AB / Essentiellement en contreplaqué. Plusieurs couches de peinture assurent une certaine protection. Malgré des matériaux peu dispendieux, je voulais avoir un fini le plus propre possible, c'est pourquoi tous les chants des feuilles de contreplaqué sont coupés à 45 degrés. Les murs reposent sur une structure de béton et d'acier (H-beam).

J'ai construit tous les boitiers rétroéclairés car je voulais une uniformité dans la galerie. Des boitiers existaient déjà pour l'extérieur, mais ils sont faits en aluminium pour les publicités et je ne voulais pas faire une galerie d'art avec des cadres publicitaires. J'ai donc développé des boitiers lumineux et cela a permis de sauver certains coûts. 

ID / Qu'est-ce qui a guidé la mise en espace de la Galerie?

AB / C'est le site qui me dicte ce que je fais. Les limites étaient déterminées par la Ville de Montréal, et il fallait prendre en compte plusieurs facteurs comme la réutilisation de la structure en acier existante et le fait d'avoir des murs perpendiculaires à la rue pour des raisons de sécurité. Je viens du modernisme et du fonctionnaliste, c'était superflu pour moi de jouer avec des courbes, de construire des éléments complexes. L'idée forte du projet s'inscrit dans le dépaysement plus que dans la folie de la construction. 

Même si les installations sont très simples, il y a différents types d'espaces : les espaces centraux entre les murs du milieu qui sont plus restreints, les longs corridors et la grande pièce centrale où l'on retrouve la sculpture. En bord de rue, les entrées sont inclinées pour créer du dynamisme, invitant ainsi à entrer. Les caissons en bordure du trottoir, initialement prévus pour contenir des boîtes à fleurs, sont devenus de simples espaces d'assises par manque de budget, et au final, la Ville et les gens les apprécient!

ID / Pourquoi présentes-tu la Galerie Blanc comme une expérience sensorielle?

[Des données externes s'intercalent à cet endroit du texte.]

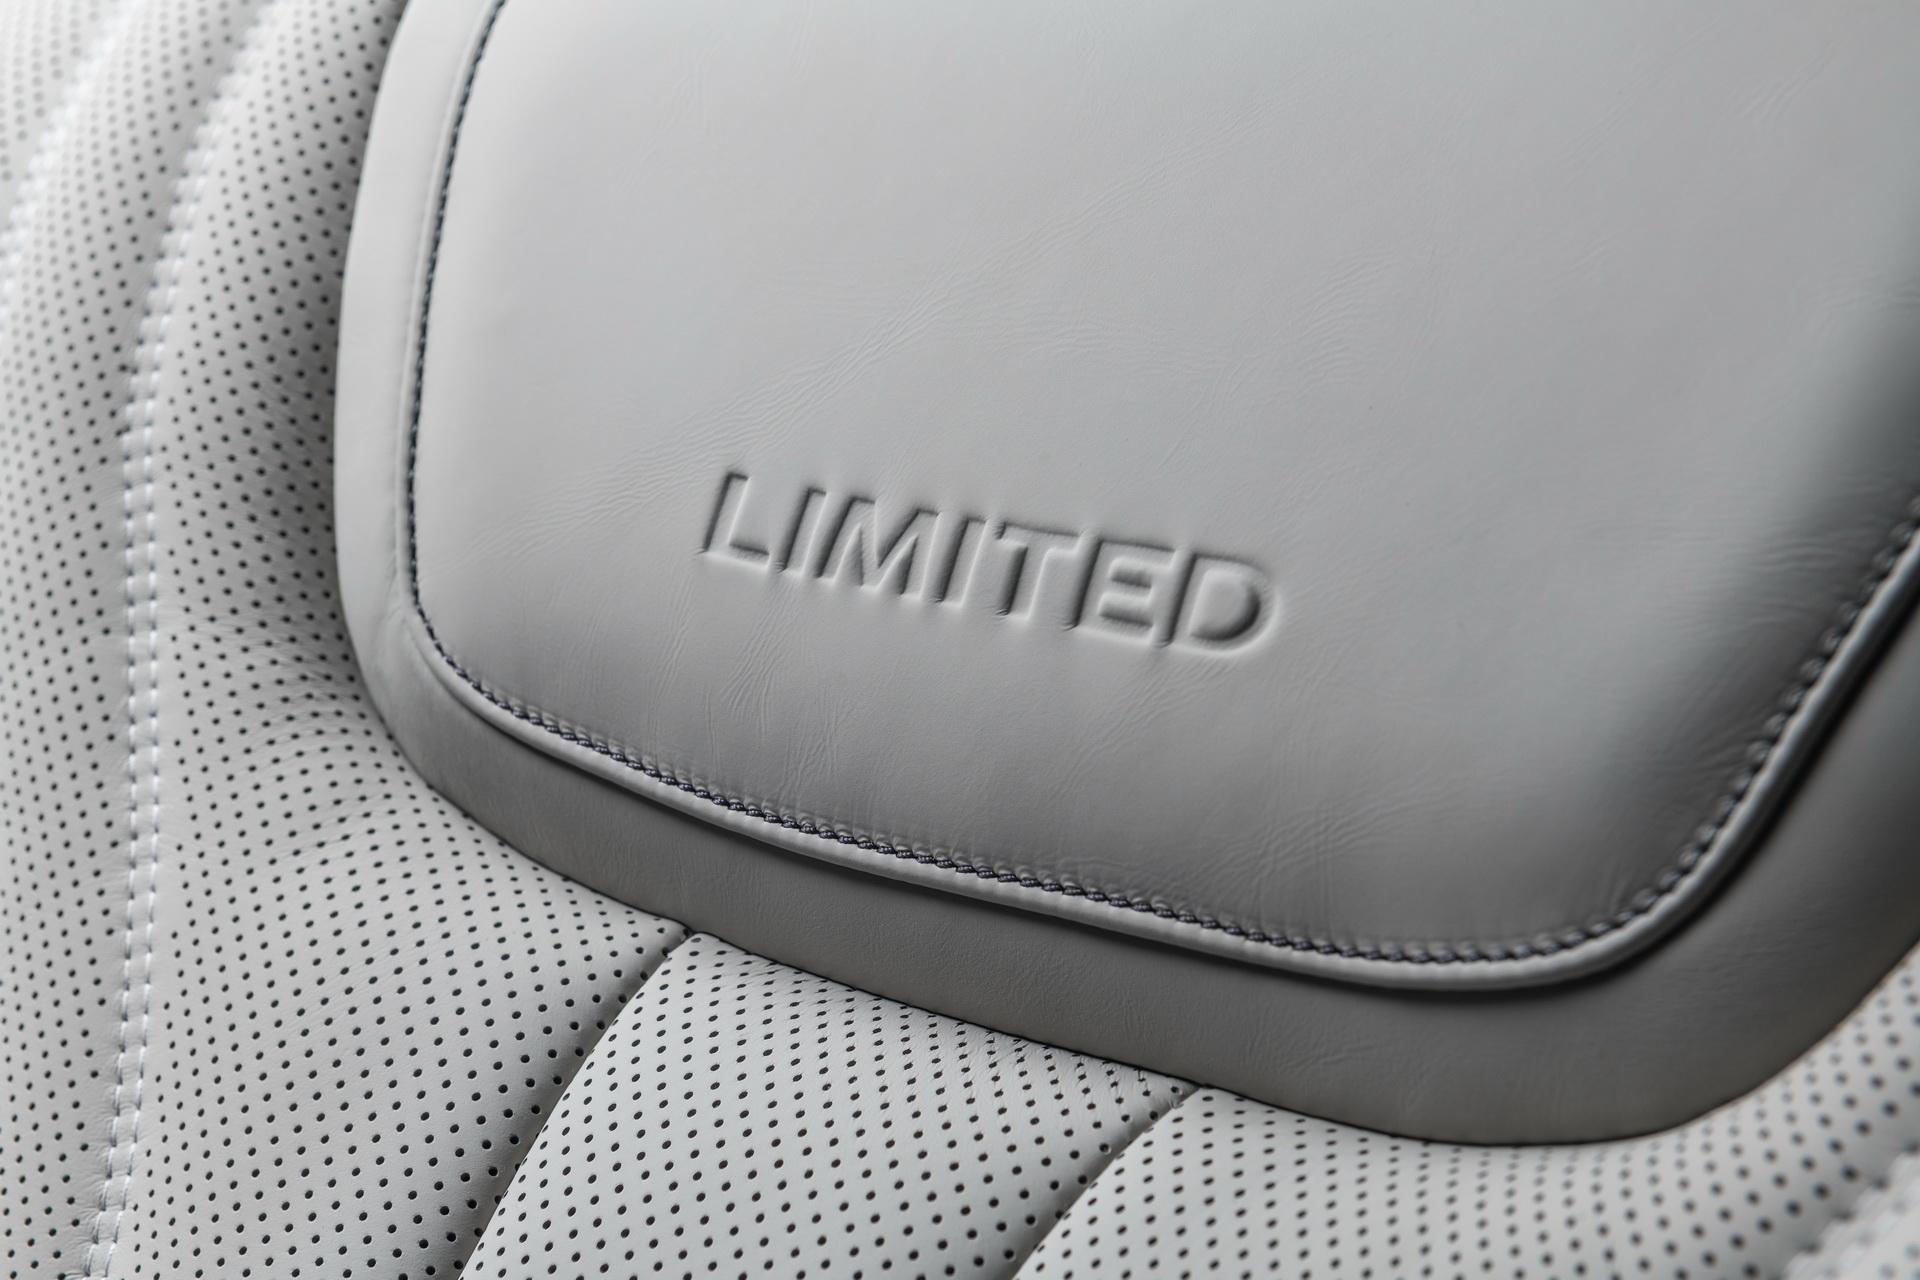 2019-INFINITI-QX80-LIMITED-17

AB / C'est l'idée d'aller chercher tous les sens, et pas seulement le côté visuel. Le son par exemple, avec les pas dans la gravelle qui n'a pas été compactée, ou les musiciens de rue que l'on entend. À l'intérieur, rien n'absorbe le son donc le bruit des pas rebondit sur les murs.

Il y a aussi une expérience avec la luminosité, la température. À chaque heure de la journée, l'environnement est complètement différent. La Galerie reste à l'année alors on va vivre les différentes saisons. La place de la nature est excessivement importante. J'aime qu'on se demande si on est à l'extérieur ou à l'intérieur d'un bâtiment, que l'on ressente cette impression d'entre-deux.

ID / Et quelle est la suite?

AB / D'autres galeries. Une autre à Montréal, et ailleurs à l'étranger. On aimerait aller à Toronto et en Europe, avec le même concept de base « blanc », mais en créant des endroits complètement différents. Je vais suivre mes instincts car même si j'avais quelques doutes sur l'audace du projet avec ses murs blancs (comme une invitation aux graffitis), Blanc a été très bien reçu par la Ville comme par les visiteurs, avec enthousiasme et respect.